Quail Creek Restoration
Before :

After :


 
Quail Creek, a tributary to the Gunpowder River in Baltimore County, was damaged by the failure of a regional stormwater management pond which breached during a 5-inch rainstorm in 1989. The drainage area at the pond is 500 acres. The stream had hosted a trout population three years before the failure. One month after the failure, surveys by the State Department of Natural Resources showed that no young trout were present and the macroinvertebrate population had declined to a few diptera (a very tolerant form of two winged fly).

Brightwater was hired by the developer who had been given an enforcement order requiring him to restore the stormwater management facility and the stream. Brightwater designed the restoration plan and negotiated with the agencies for permit approval. The design effort was the minor part of the work, since the restoration plan called for heavy equipment to work in the stream channel. Prior to this work, permit conditions had always prohibited this in Maryland. The design took three months to develop and permit negotiations took another year. The actual construction was done by Dave Rosgen, with Brightwater providing support and construction management services.

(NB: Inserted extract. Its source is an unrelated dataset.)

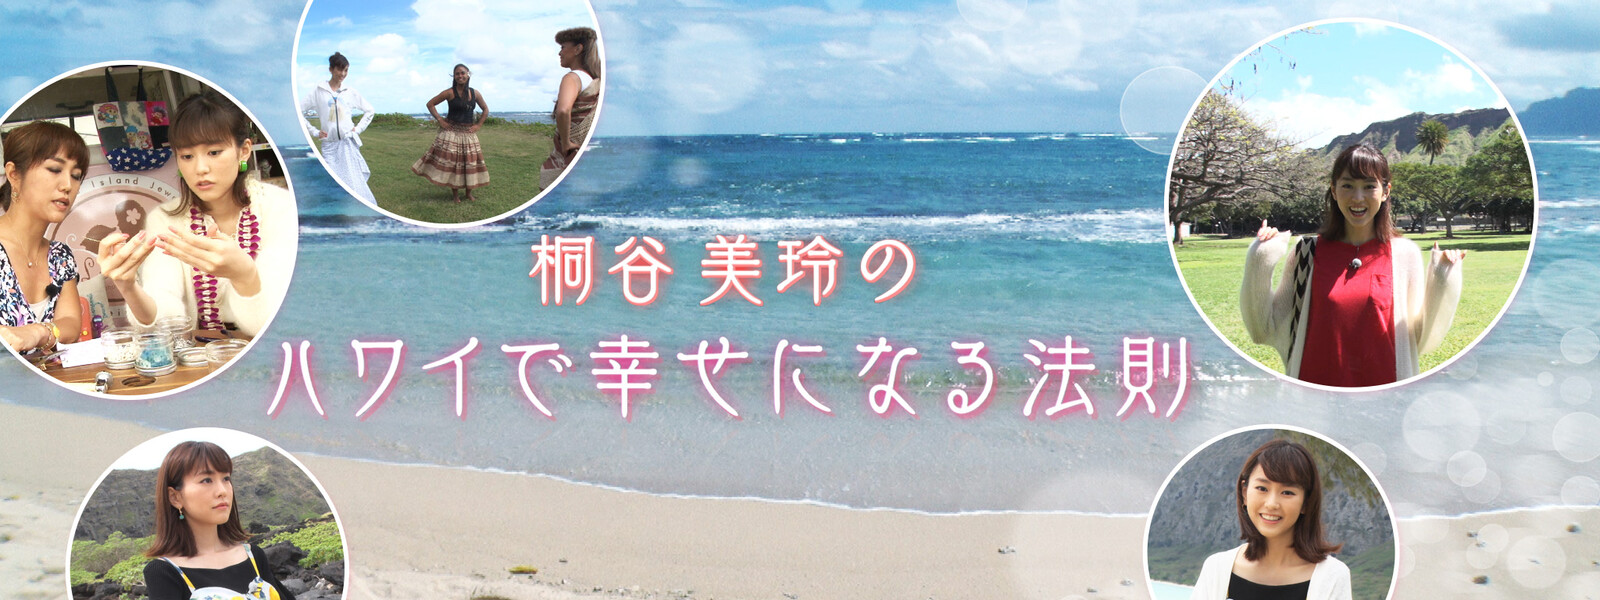 桐谷美玲のハワイで幸せになる法則 動画

The restoration project was completed in August of 1990.

Brightwater has conducted monitoring of the stability, particle size distribution of substrate, water te~mperature, fish and macroinvertebrate populations for six years. Permanent cross sections were installed and surveyed annually, and pebble counts were conducted annually. Aquatic macroinvertebrates and fish were sampled each year. Recording thermometers were installed to record thermal effects of the stormwater management pond. The results of this monitoring show a recovery of fish and macroinvertebrate populations, a shift in particle size distribution from a dominant size of sand less than two millimeters up to 64 - 256 millimeters. The restoration work is stable and vegetation has recovered enough to provide the permanent stabilization on banks where root wad revetments were installed. One of the surprising things discovered on Quail Creek was the relationship of sediment generated from an input of excess sediment into a stream channel. The quantity of sediment that entered Quail Creek during the failure of the pond was 120 cubic yards. This input initiated accelerated bank erosion which resulted in more than 3,000 cubic yards of new sediment being generated in the first year before the restoration work was done. The restoration work has arrested that process and allowed the system to recover.